SEQMOL index

Coloring PDB files by sequence alignment features

To color PDB file by sequence alignment attributes, sequence alignment and a linked PDB file must be provided (these entire linked projects can be saved as *.cpdb).

Color a PDB by conservation

The algorithm built into this program goes beyond simple Shannon entropy scoring and physical similarity scoring. It does not simply consider that "K is like R" and "E is like D", but carries out a rather involving weighting and scoring of the residues, uses amino acid substitution matrices and considers sequence context of each residue to assign scores. Evolutionary tree is not used in the analysis in favor of Heinkoff weights.

1. Open sequence alignment and PDB files, or saved previously *.cpdb poject:

2. Set up the PDB-alignment link.
In this example, sequence No. 11 in the alignment is the same as that of chain A from the provided PDB coordinates:

3. In "Color PDB" tab, make appropriate changes.

select chain:

select sequence No.

Conservation scores will be calculated:

At this point, drag-dropping a PDB file (having correct format) onto the "Color PDB" panel should instantly produce conservation-colored PDB (open generated PDB file in a PDB viewer and color structure by B-factor).

Catalytic residues and ATP-binding pocket of this kinase stand out as conserved (red).

The following 8 conservation scoring matrices are implemented and can be used to compute conservation scores and color PDB coordinates:


Color PDB by physical co-variation

This coloring scheme evaluates 3D partners of all PDB residues for their physical complementarity to their structural partners during evolution.

The results of this algorithm are very different from sequence conservation scoring. For example, conserved residues may receive a low covariation score, if they do not have good partnering amino acids in the PDB file. This could signify that this is an important protein-protein interface residue whose score will improve when a partnering protein is added to the PDB structure (this can be done within the program). It could also be an active site or a ligand-binding residue.
Some poorly conserved residues could receive high covariation score because they have high complementarity to their partners, which mutate along. These residues too may have functional roles. 

PDB colored by physical covariation:

Unlike all other coloring scales implemented here, this scale depends on PDB structure and will give different scores for PDB files having different conformations or when interacting proteins are present and included in the analysis. Read built-in help (? and ?? buttons) for specifics of these cases and for co-variation analysis of protein-protein interfaces.

Four different pairing matrices are implemented for calculating co-variation scores,

Glaser 2001 interfaces
Headd 2007 interfaces
Intrachain Headd 2007
Average of Headd 2007

Coloring by conservation of hydrophobicity and charge is very straightforward:

Hydrophobicity conservation

Charge conservation

Composite coloring schemes.

Finally, it is possible to construct transformed scores by, for example, subtracting the covariation scores from the conservation scores. Produced scores should be in the [0, 1] range when doing such manipulations. Negative scores produced by substractions are OK as they will be treated as "0" during the PDB B-factor writing step.

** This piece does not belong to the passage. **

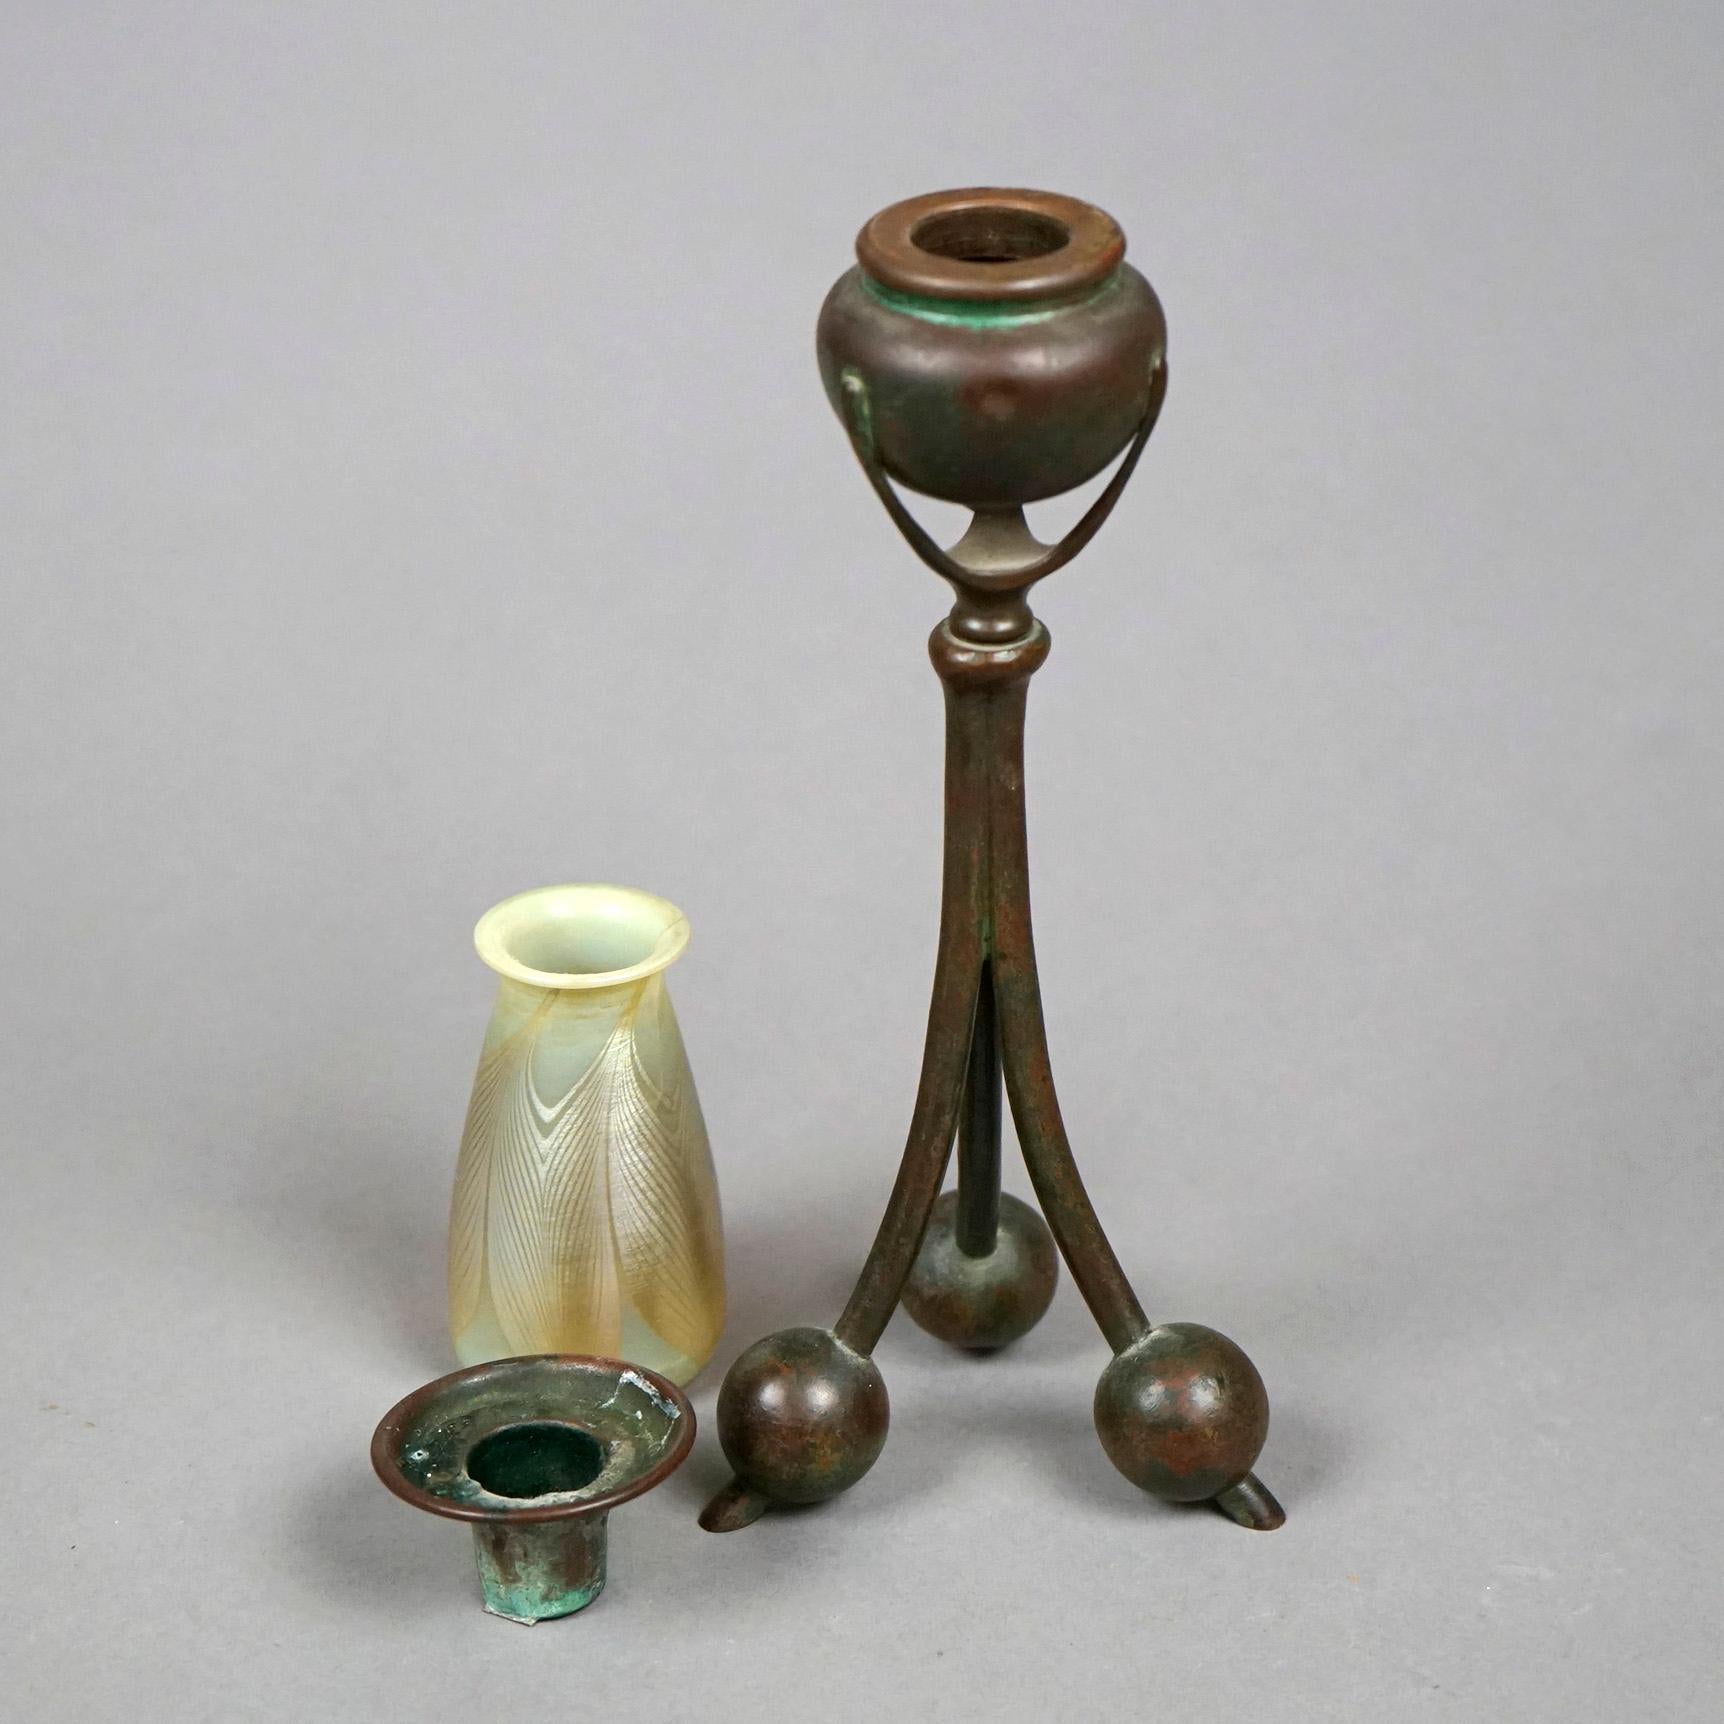 20th Century Tiffany Bronze Candlestick & Favrile Feather Art Glass Shade, Signed, c1920

To construct the above composite score, first calculate conservation scores:

Copy these values to Excel, then, calculate co-variation scores and copy them to Excel as well. If done correctly, both score columns will be of the same length. Now the scores can be subtracted using Excel column transform and the result directly pasted back to the conservation window. The number of values should remain unchanged during any edits.

To accept these pasted (e.g. manually provided) values, use this button:

Now, the composite scores will be written to the PDB file drag-dropped onto the panel.

What would such (conservation)-(physical covariation) scores mean?
The brightest residues will be those that are conserved without making very favorable interactions with the rest of the protein. They could be protein-protein or protein-ligand interface residues or active site residues that are missing their partners in the present PDB structure or have partners not included in the analysis.

Given the variety of the avaialble scroing algorithms, the possibilities for creating composite scores are very extensive.